Apakah Civitas Akademika Indonesia Boleh Melayangkan Kritik dan Protes ke Negara?

Apakah Civitas Akademika Indonesia Boleh Melayangkan Kritik dan Protes ke Negara?

Muda Senada - Bayangin kampus lo digertak negara. Dana dicabut, mahasiswa asing diusir, semua gara-gara aksi solidaritas terhadap Palestina. Itu yang kejadian di Harvard.

Tapi mereka nggak ciut. Justru balik gugat pemerintah. Serius. Kampus paling elit itu maju ke pengadilan dengan dalih kebebasan akademik dan privasi mahasiswa dilanggar.


Ini bukan semata-mata soal politik luar negeri. Ini soal prinsip. Soal kampus yang berdiri bukan buat ikut arus, tapi buat jaga akal sehat publik. Harvard ngajarin satu hal penting: kampus bisa jadi lawan yang seimbang buat negara, kalau prinsip diganggu.


Harvard bukan satu-satunya. Di Florida, akademisi dan mahasiswa ngamuk karena teori sosial dilarang. Di Jepang, dosen nuntut negara gara-gara dana publik nggak transparan. Di Malaysia, kampus menolak sensor bahasa pengantar. Semua ini nunjukin satu pola: kampus bisa dan boleh bilang “nggak setuju” ke negara.


Mereka ngerti, kalau diem aja, artinya ikut bersalah. Ilmu itu bebas, dan tempat nyari ilmu harus jadi tempat paling keras menolak pembodohan sistematis.

Di Indonesia, Bisa Nggak Kampus Teriak “Lawan!”?


Secara aturan? Bisa banget. Judicial Review, Class Action, Citizen Lawsuit—semuanya legal. Contoh nyatanya ada: UII pernah gugat UU KPK. Tapi kenapa nggak banyak kampus lain ngelakuin hal yang sama?

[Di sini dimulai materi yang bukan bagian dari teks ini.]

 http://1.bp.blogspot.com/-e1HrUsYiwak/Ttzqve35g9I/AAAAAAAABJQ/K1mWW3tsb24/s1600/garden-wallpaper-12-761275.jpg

Hukum ada. Tapi mentalnya? Gak semua kampus siap ambil risiko. Gugatan udara Jakarta aja prosesnya bertahun-tahun. Dan itu udah bikin banyak orang ilfeel duluan buat mulai.


Masalahnya bukan karena civitas akademika kita gak peka. Tapi struktur kampus negeri di Indonesia tuh banyak yang kayak anak kos yang uang jajannya masih dikirimin orang tua. Maksudnya, terlalu tergantung sama negara. Takut kalau kritik nanti disetop anggarannya. Takut di-blacklist. Takut rektor gak diangkat lagi.

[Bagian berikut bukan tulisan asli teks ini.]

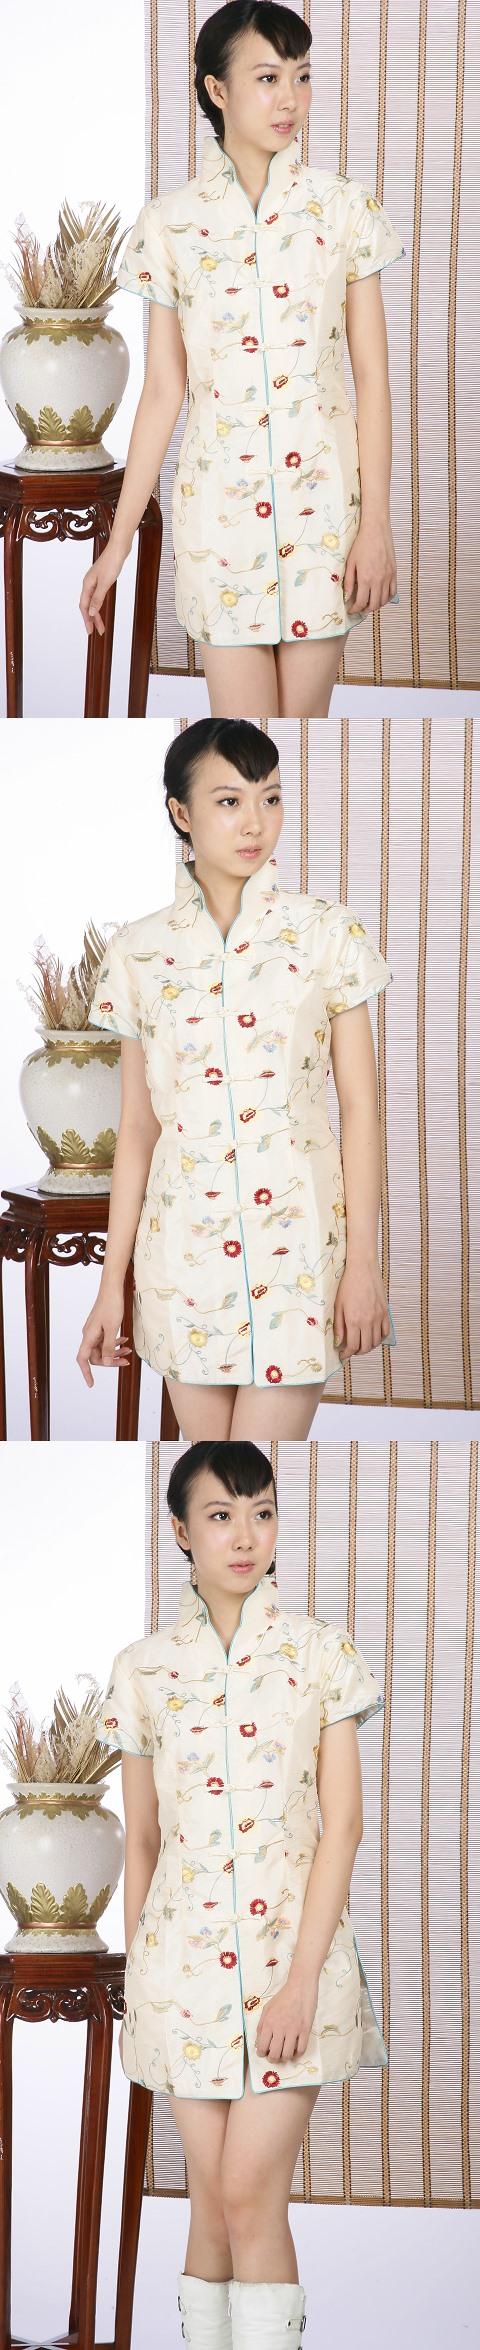 浮雕繡花短袖短旗袍(米金)

Ditambah lagi, ada budaya senioritas, birokrasi berlapis, dan ancaman intimidasi. Dosennya bisa dicopot. Mahasiswanya bisa dikriminalisasi. Jadi kalau lo berharap kampus langsung demo besar-besaran kayak di luar negeri, itu ekspektasi yang terlalu manis buat realita yang pahit.

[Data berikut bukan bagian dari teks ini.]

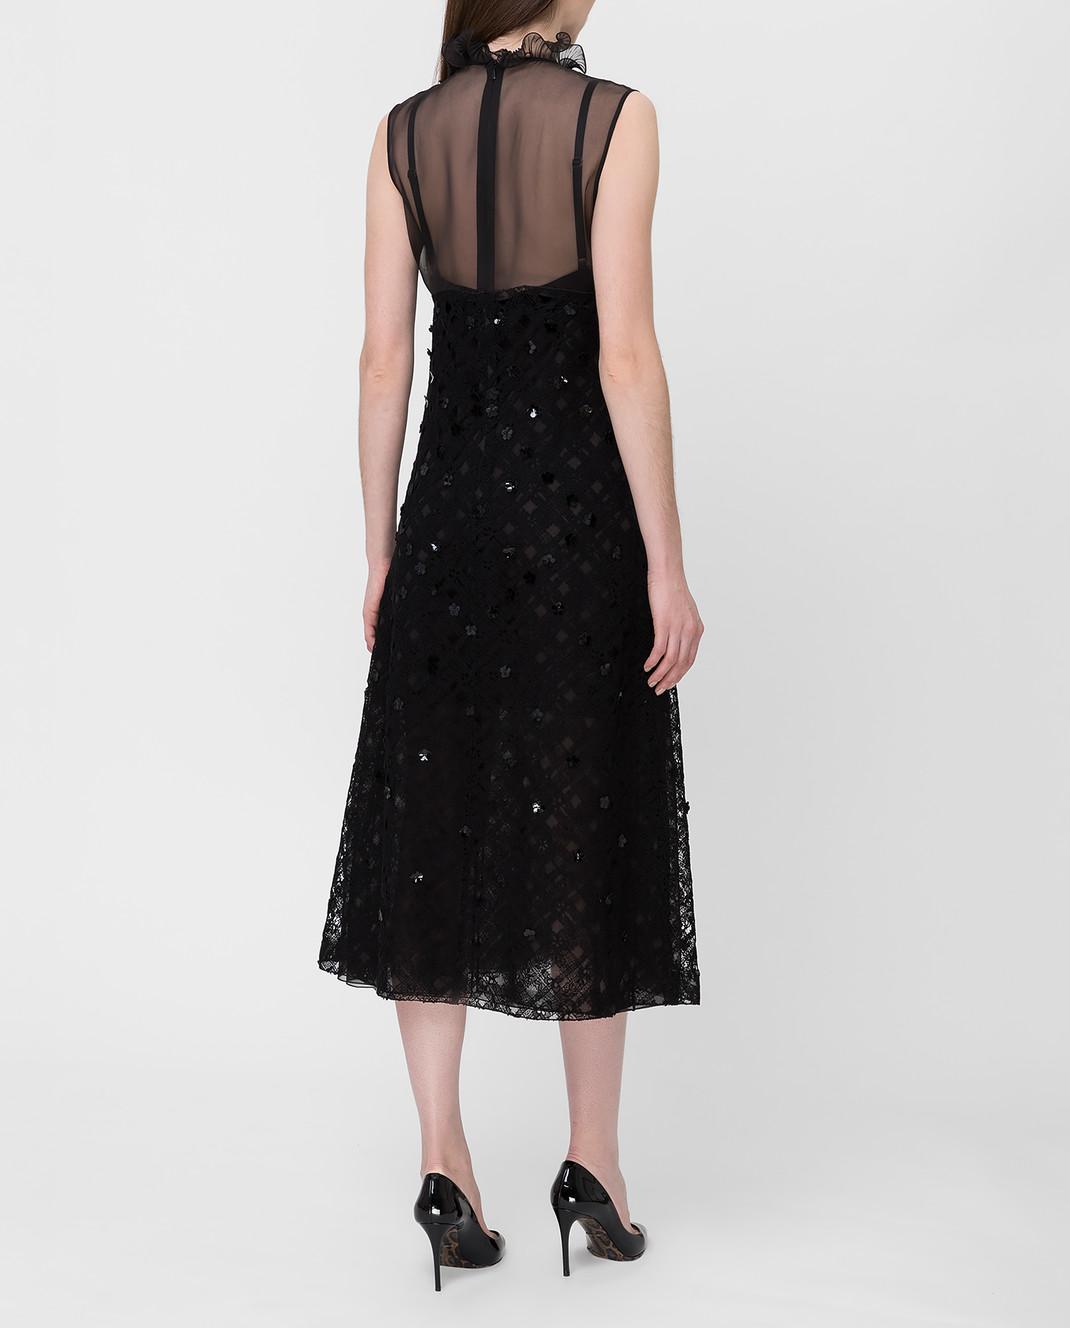 Bottega Veneta Черное платье с пайетками 523986 изображение 4

Kampus Harus Berani, Tapi Harus Pintar


Protes penting, tapi kalau gayanya kayak nyinyir doang di Twitter, ya nggak ngaruh. Harus ada strategi. Harus pakai data, argumen hukum, dan aliansi yang kuat. Bukan cuma emosional.


Kampus punya privilege buat riset, analisis, dan punya jaringan intelektual. Jadi kalau mau protes, harus kelas berat juga. Bukan sekadar trending sesaat.


Kampus bisa banget gandeng lembaga hukum, LSM, atau bahkan media. Bikin pernyataan resmi, ajukan gugatan hukum, atau bentuk tim advokasi internal. Harvard bisa lawan Trump bukan karena nekat, tapi karena siap.


Di Indonesia pun bisa. Asal mau bersatu dan nggak takut rugi citra. Karena mempertahankan integritas jauh lebih keren daripada sekadar jaga hubungan baik sama penguasa.

Diam Itu Bukan Netral, Tapi Menyerah


Kritik dan protes dari kampus itu bukan tanda kurang ajar. Itu justru bentuk paling elegan dari tanggung jawab intelektual. Di dunia yang makin penuh kebijakan ngawur dan disinformasi, kampus seharusnya jadi penyeimbang, bukan penonton.


Kalau civitas akademika terus diam, takut ini-itu, kita akan kehilangan benteng terakhir akal sehat. Dan ketika benteng itu roboh, masyarakat sipil bakal sendirian hadapi kekuasaan. Jadi, bolehkah kampus kritik negara? Nggak cuma boleh. Harus.